I leave NCCPR knowing that we have left child welfare a lot better than we found it. In 1999, on any given day there were 565,000 children trapped in foster care. Years of smears against efforts to keep families together and created a climate so hostile that some in the field seriously considered abandoning even the term “family preservation.” Today there are about 408,000 children in foster care – and family preservation is back. The progress has been amazing – and also not nearly enough.

It would be ludicrous to say that NCCPR was solely responsible for that. It would be equally ludicrous to say that NCCPR did not play a role in it far disproportionate to our size. Indeed, to some extent our funding problems are a result of our success.

I want to thank the two foundations that were our principal funders, the Open Society Foundations and the Annie E. Casey Foundation. Each funded us for more than a decade – that’s an eternity in “foundation years.” And during the entire time neither foundation pressured us in any way concerning what to say or, more to the point, what not to say.

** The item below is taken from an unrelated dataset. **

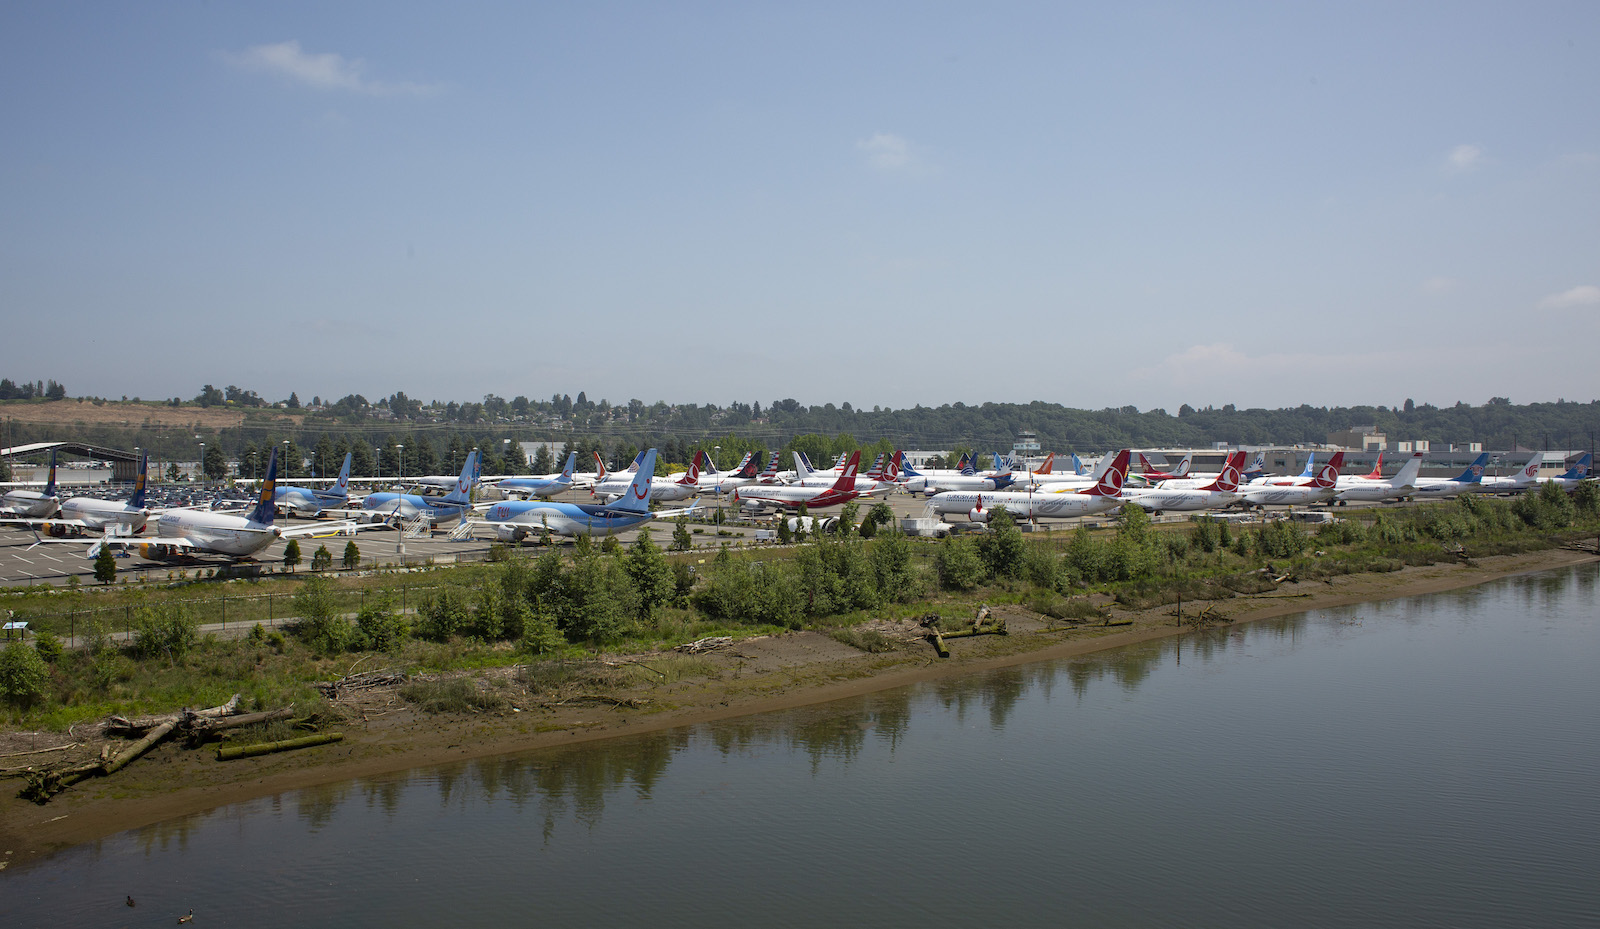 Airplanes are parked at a Boeing facility along the Duwamish River.

Over the past 13 years, I’ve had the privilege of meeting many true heroes. I won’t name them because I’m afraid I’ll leave someone out, and because in a few cases, being praised here won’t help their efforts. They include people who provide direct services and do advocacy, people who work on changing the system from within and without at the same time. They include people who have transformed entire child welfare systems, some by running those systems, some by pressuring those systems.

But I have to take this opportunity to thank NCCPR’s “founding mother” Betty Vorenberg, who first wrote to me in 1990 asking if I wanted to try to start an organization based on the principles in the book I’d just written, Wounded Innocents. And NCCPR’s “founding father” Prof. Martin Guggenheim, who has been NCCPR’s President for most of the past 13 years, and whose guidance and wisdom have been vital to keeping it going. His work at NCCPR is only a tiny fraction of what he has accomplished in the field of child welfare law and policy.

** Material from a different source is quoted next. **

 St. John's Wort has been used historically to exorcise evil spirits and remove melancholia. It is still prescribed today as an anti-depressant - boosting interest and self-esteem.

To those who say: “You could have stayed alive if you’d been nicer to those standing up for the status quo” I say: “No kidding.” But from the very beginning we had no intention of doing traditional “goody two shoes child advocacy.” The family preservation movement nearly “niced” itself to death in the 1990s, and we weren’t going to make that mistake again. As a result, I believe NCCPR achieved far more in just under 13 years than traditional groups do in 30.

As I said, when I started we had eight months of funding. There was almost never a time when we were funded for more than a year at a time. That’s why I resolved at the outset to try to treat every day I got to do this work as a gift.

On the internet, there is some website somewhere where you can calculate just about anything. Thank you all for the 4,683 gifts.